Source data:
────────────────

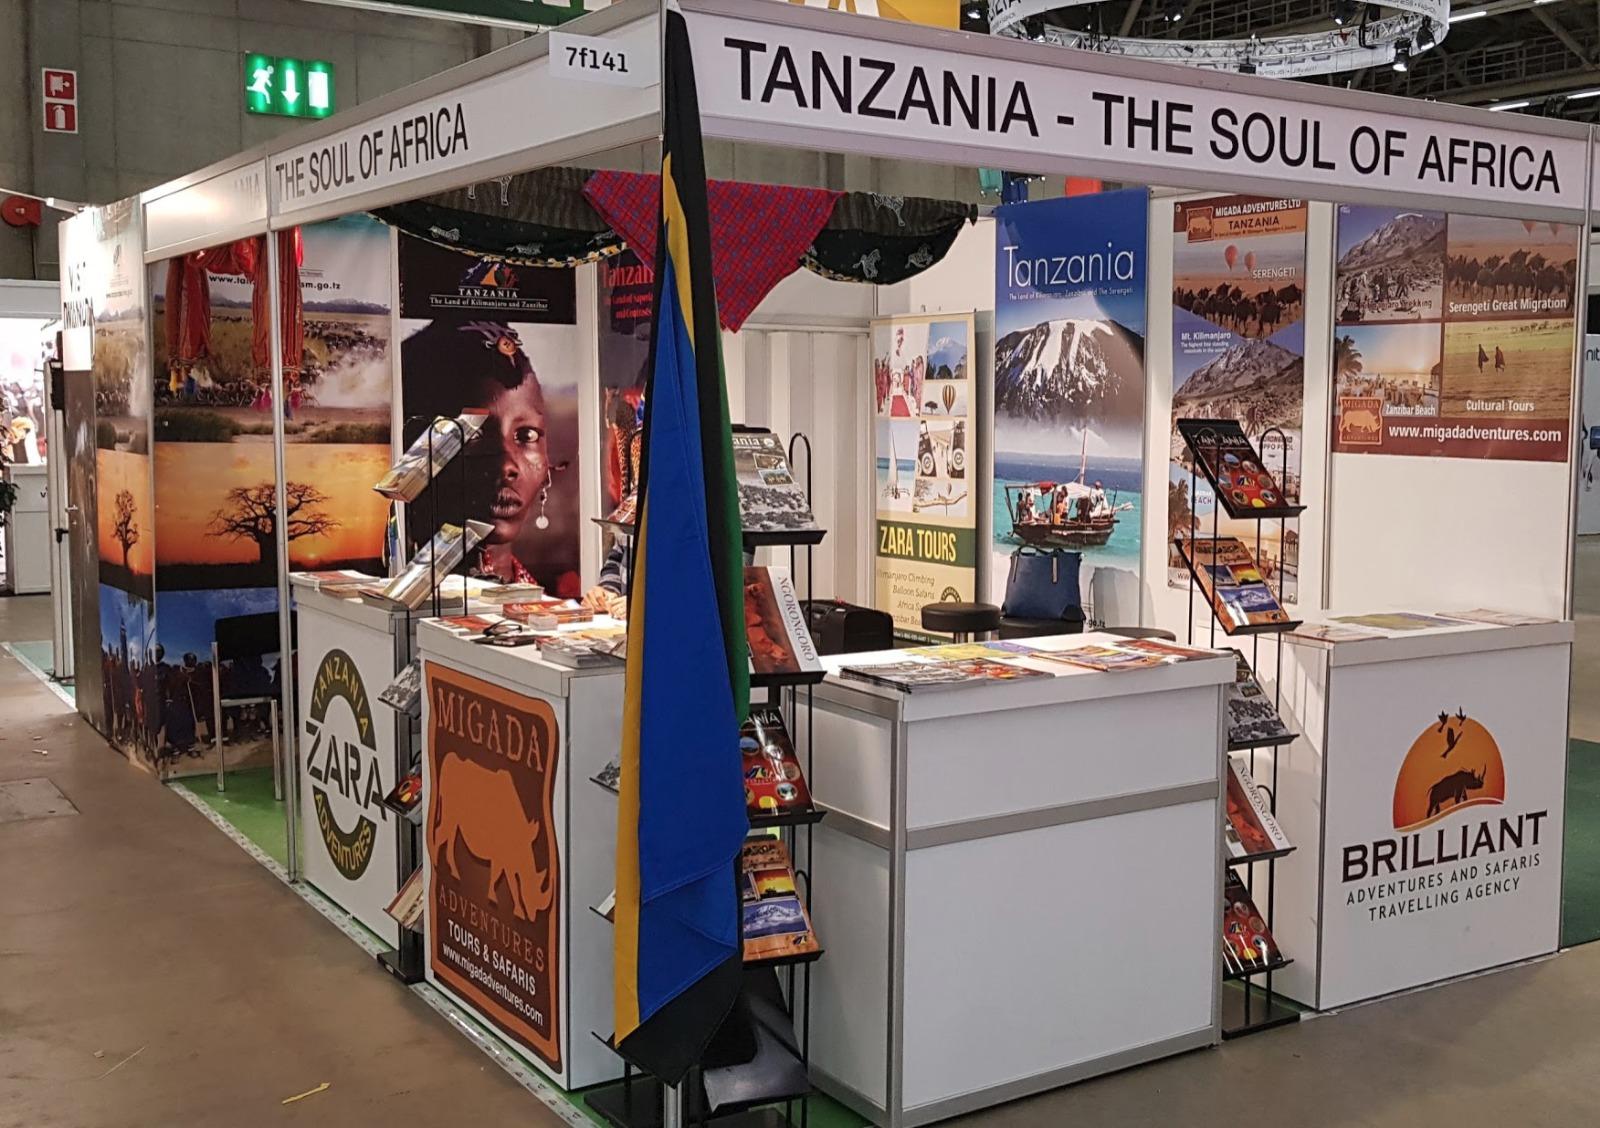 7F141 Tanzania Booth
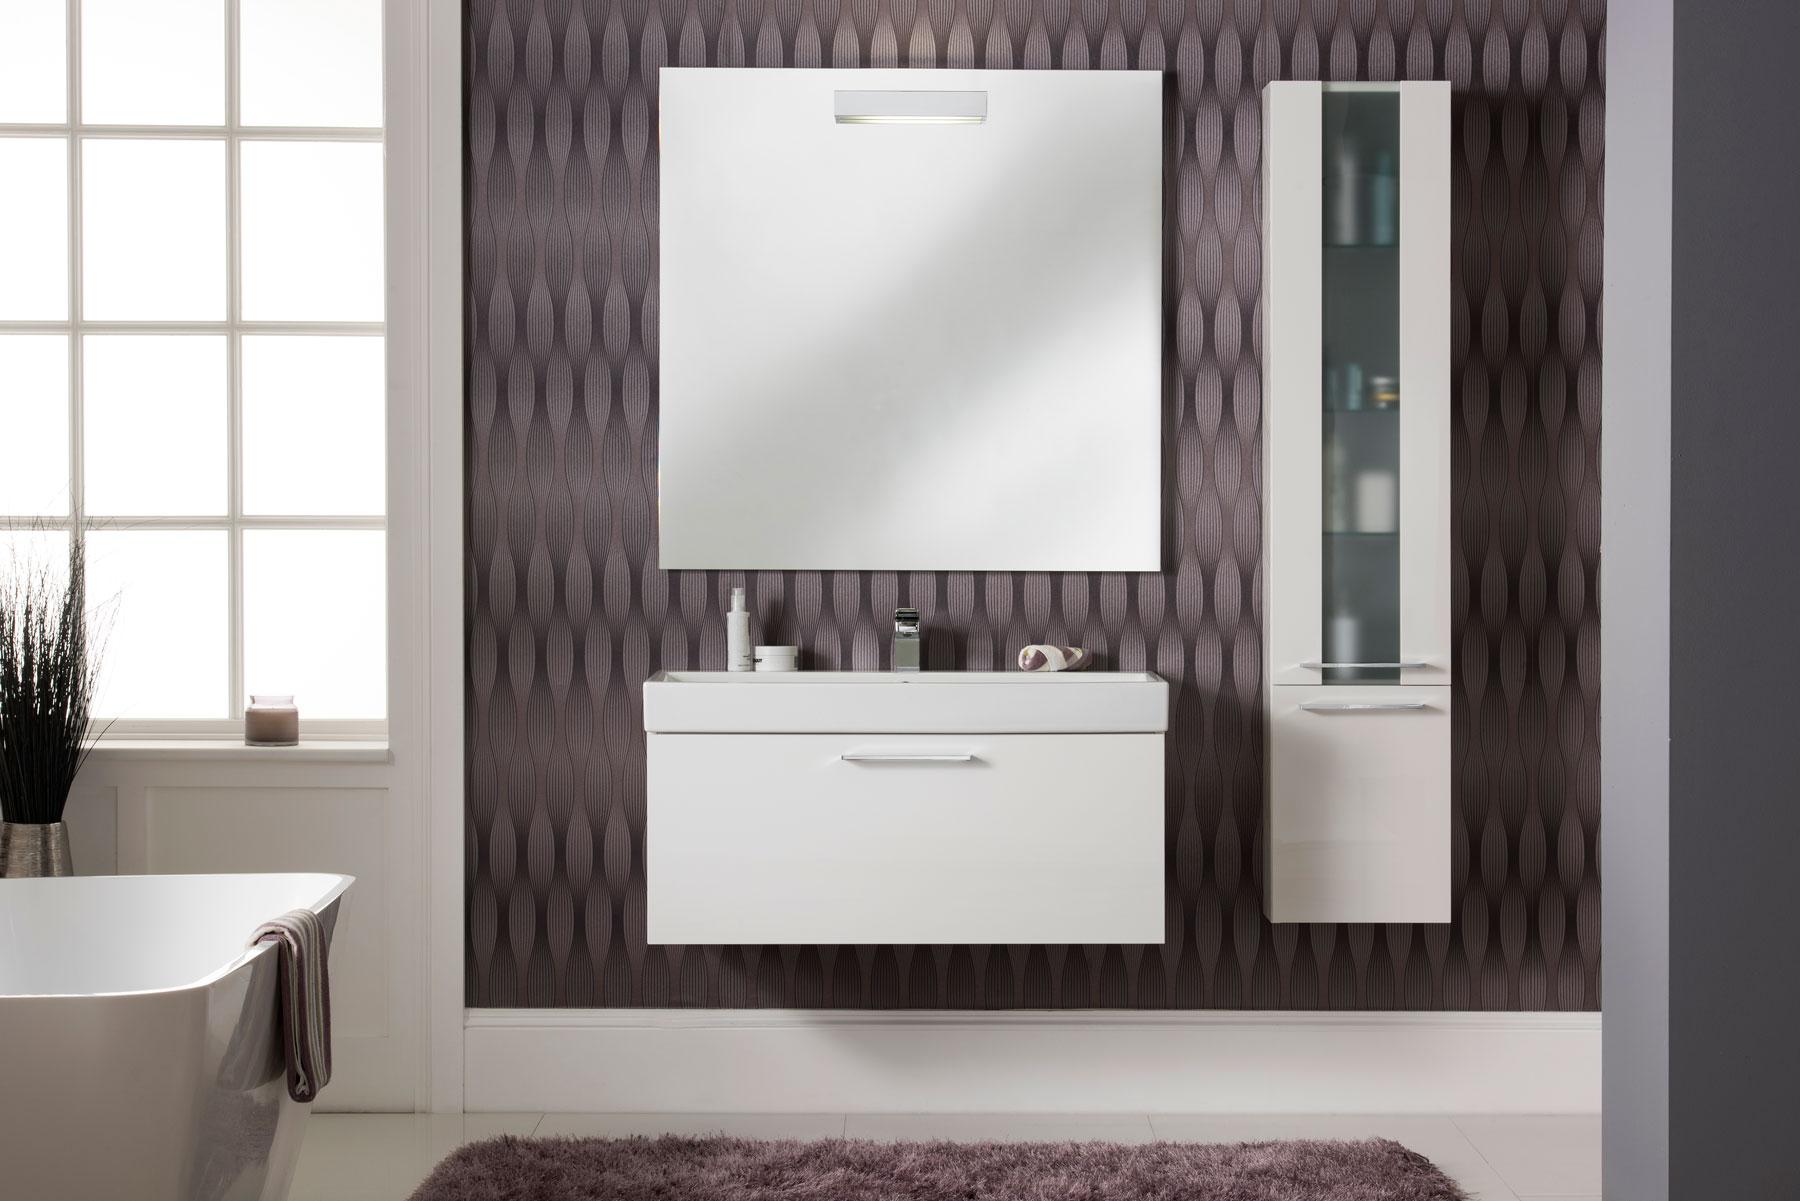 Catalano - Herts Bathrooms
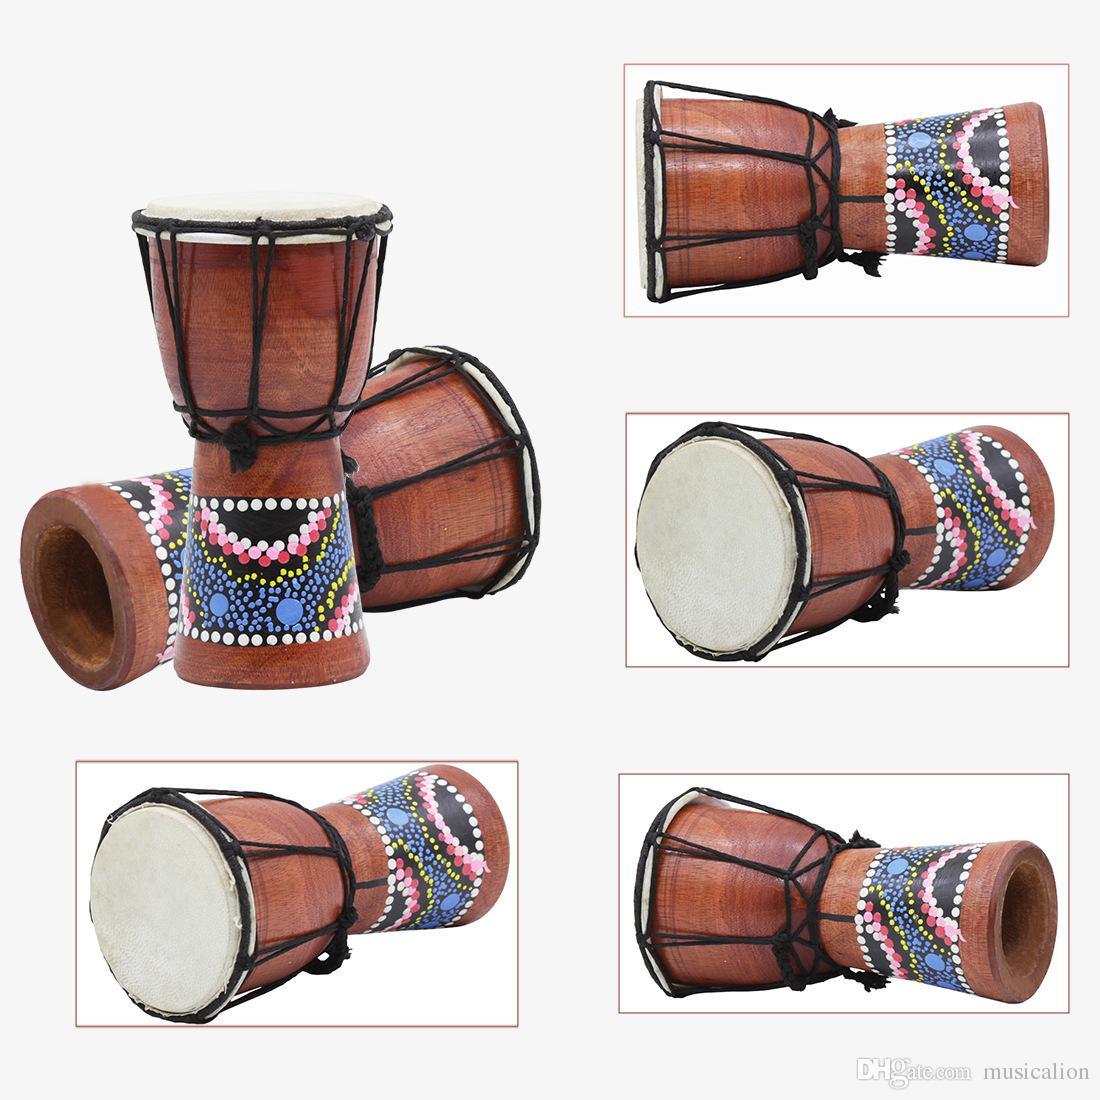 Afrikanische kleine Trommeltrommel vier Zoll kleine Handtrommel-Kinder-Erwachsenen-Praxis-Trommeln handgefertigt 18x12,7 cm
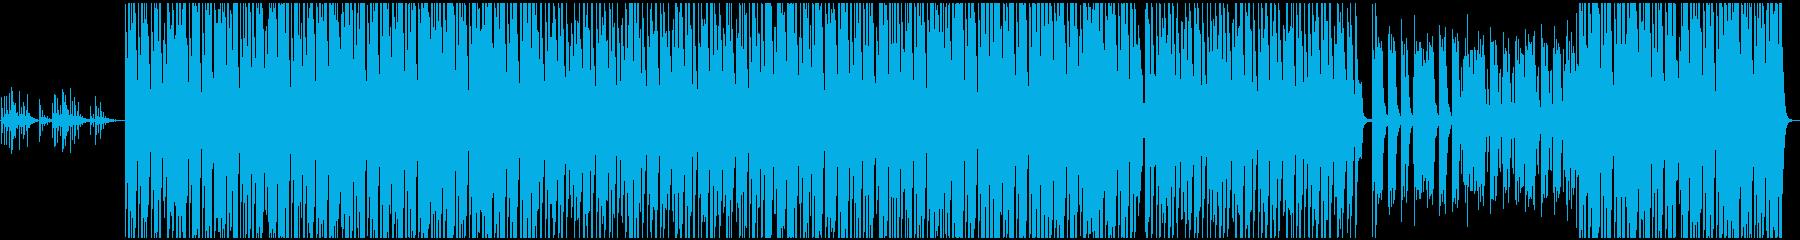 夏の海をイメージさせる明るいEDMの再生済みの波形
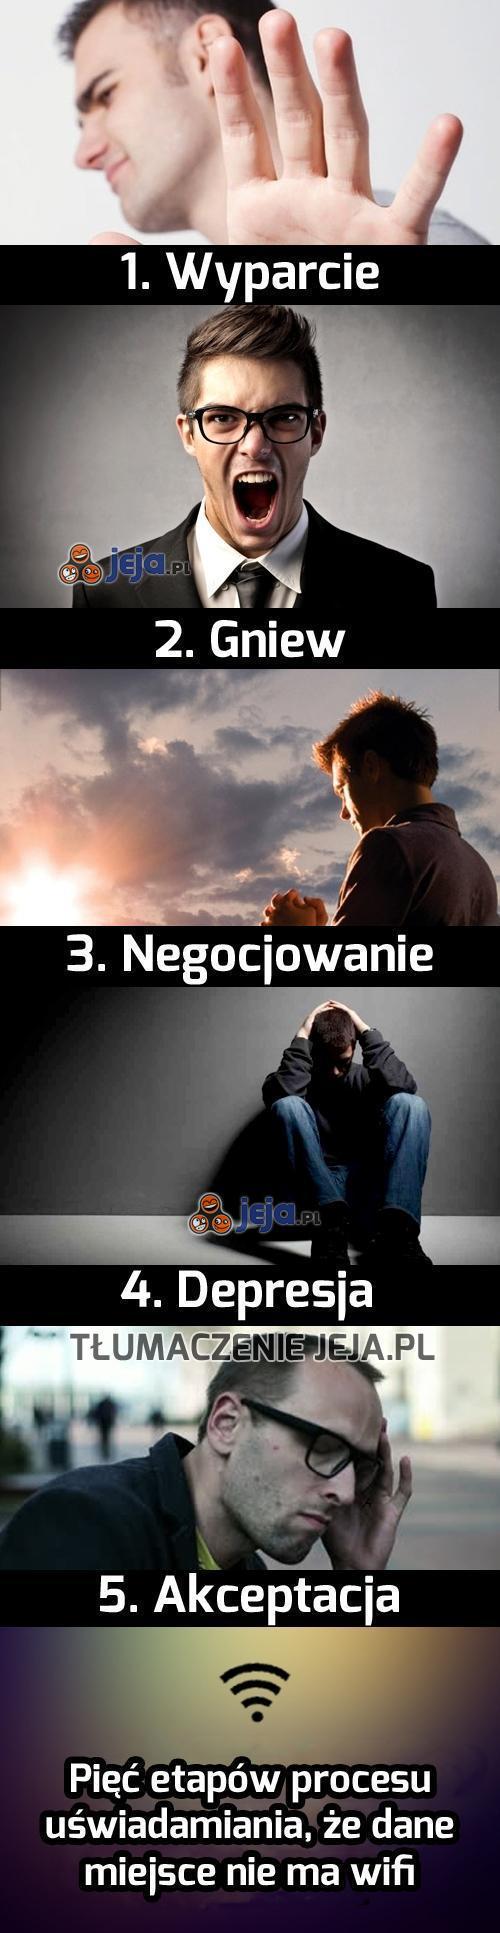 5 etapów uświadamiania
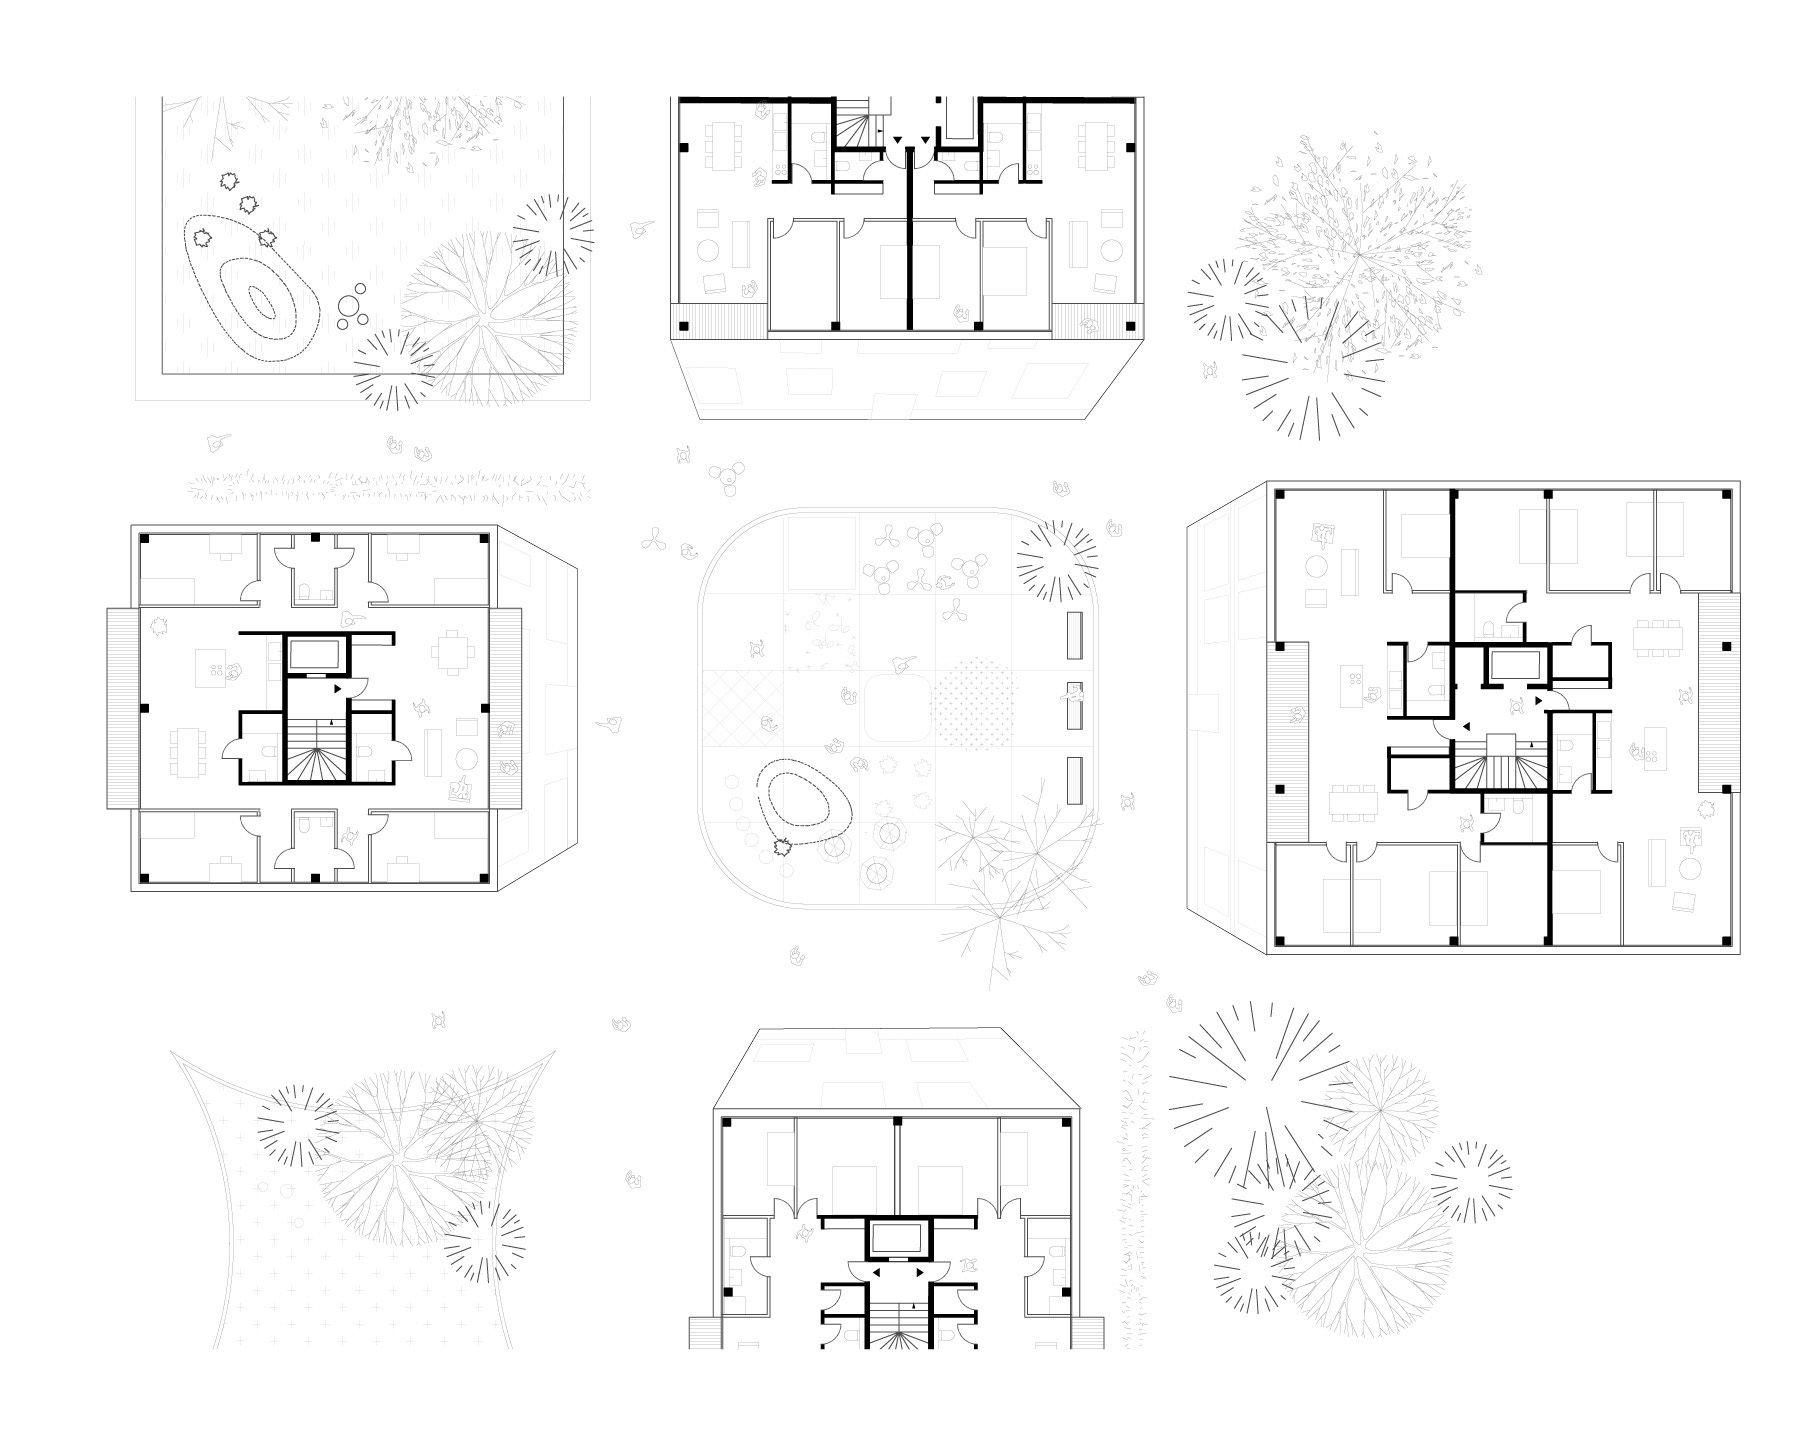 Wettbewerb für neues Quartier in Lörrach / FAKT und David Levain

────────────────

Where the line containing "Catalano - Herts Bathrooms" appears in the entries above, start there and set down every line exactly through the last one, inclusive; omit pictures.

 Catalano - Herts Bathrooms
 Afrikanische kleine Trommeltrommel vier Zoll kleine Handtrommel-Kinder-Erwachsenen-Praxis-Trommeln handgefertigt 18x12,7 cm
 夏の海をイメージさせる明るいEDMの再生済みの波形
 5 etapów uświadamiania
 Wettbewerb für neues Quartier in Lörrach / FAKT und David Levain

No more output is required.